Won't go into all the details, but on a blustery morning on the Chesapeake while exiting a tributary, I snagged a trout line
float while on autopilot
and on the foredeck readying to sail.
One thing led to another, and eventually I found myself ejected into the water from my Caribe dingy. Thankfully, I was wearing my Mustang
model 3184 inflatable PFD with a hydrostatic release (takes immersion to 4" to inflate).
Just as advertised, it inflated quickly and rolled me onto my back. That's the good news. The bad news is that with the vest inflated, your ability to maneuver and do anything useful is GREATLY diminished. There was quite a current running at the time, and the boat was pounding up and down in the chop.

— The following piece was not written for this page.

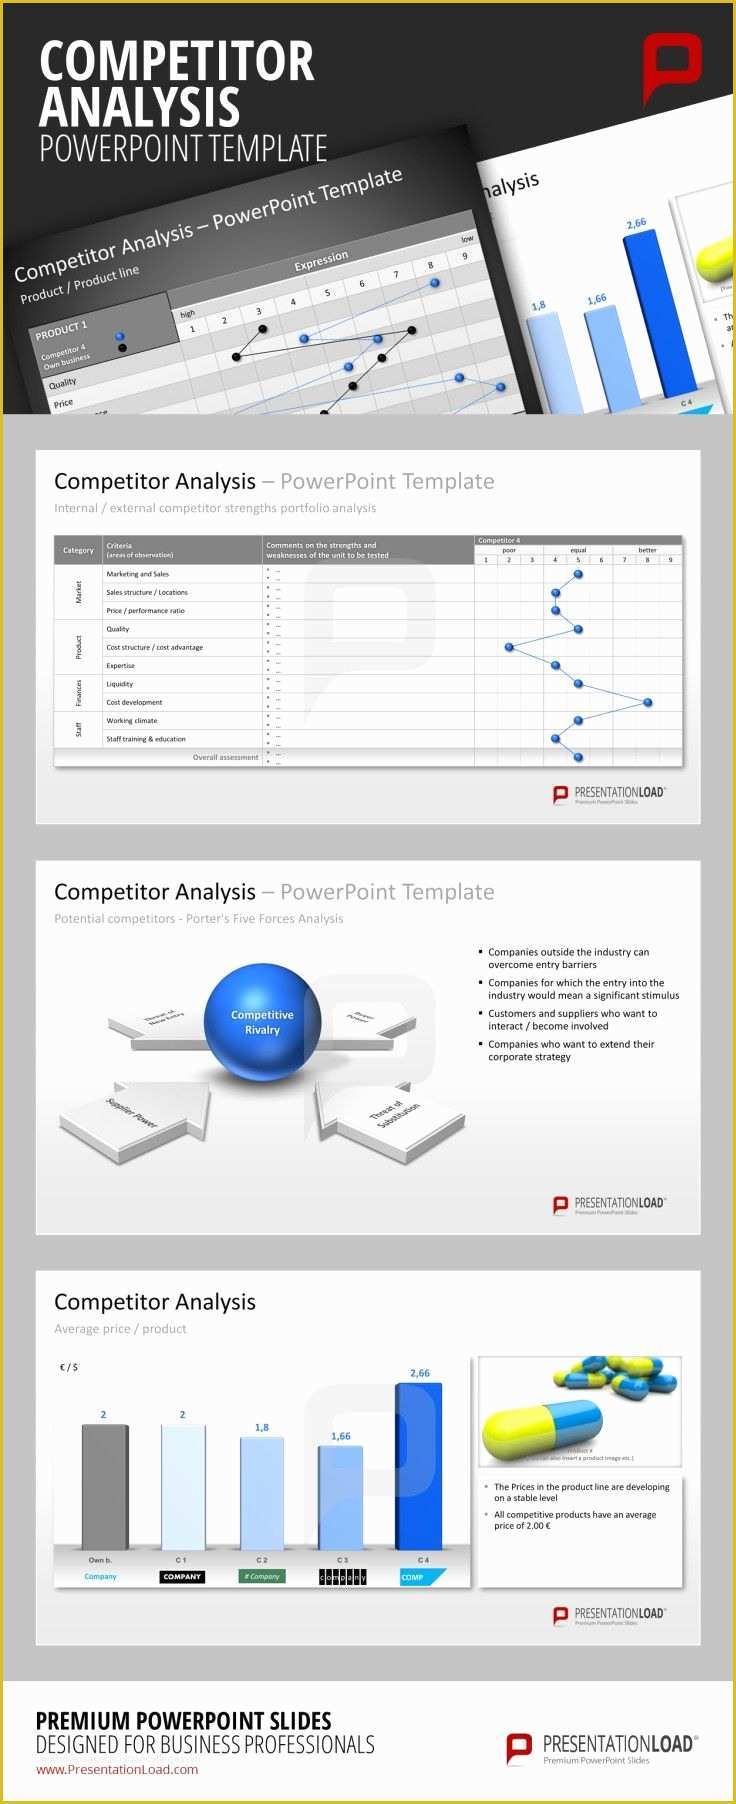 Competitor Analysis Ppt Template Free Of 86 Best Images About Business Strategy Powerpoint

To make a long story shorter, I found that it was IMPOSSIBLE in my state of exhaustion (I'd been working from the dingy for some time trying to free up the snag) to get back into the dingy. At most, I could get one leg part way over a tube, but lacked the power to do anything else.
I briefly thought about, but thankfully discarded the idea of removing the vest; that would have been tantamount to suicide, IMHO.
I could not get back on the boat, due to its high freeboard and to the fact that I stupidly had left the boat, gotten into the dingy, and failed to deploy my s/s boarding ladder
. I could not reach it from the water.
My "backup plan", had not help come along in the form of a crabber with a big cage, was to simply roll on my back and paddle to shallow water about 50 yards away...if I could make it.
Looking back at the stupidity of the morning, I resolved in the future to do the following:
1. never, ever leave the boat without deploying the boarding ladder
2. try to fashion some means of releasing the folding boarding ladder
from the water, in the event of an inadvertent overside;
3. follow my own teachings as a sailing instructor and never leave the dock or anchorage with the sail covers on or otherwise not ready for INSTANT hoisting of the sails
4. continue my growing love affair with the Mustang 3184; wear it all the time.
And, yes, when sailing offshore I use jacklines (flat 2" wide nylon) and harness
clipped to the Mustang
PS...my son later suggested that it might have been possible to deflate one of the tubes on the dingy -- if I could have reached the valve -- enough to get into the RIB. Maybe someone ought to try this.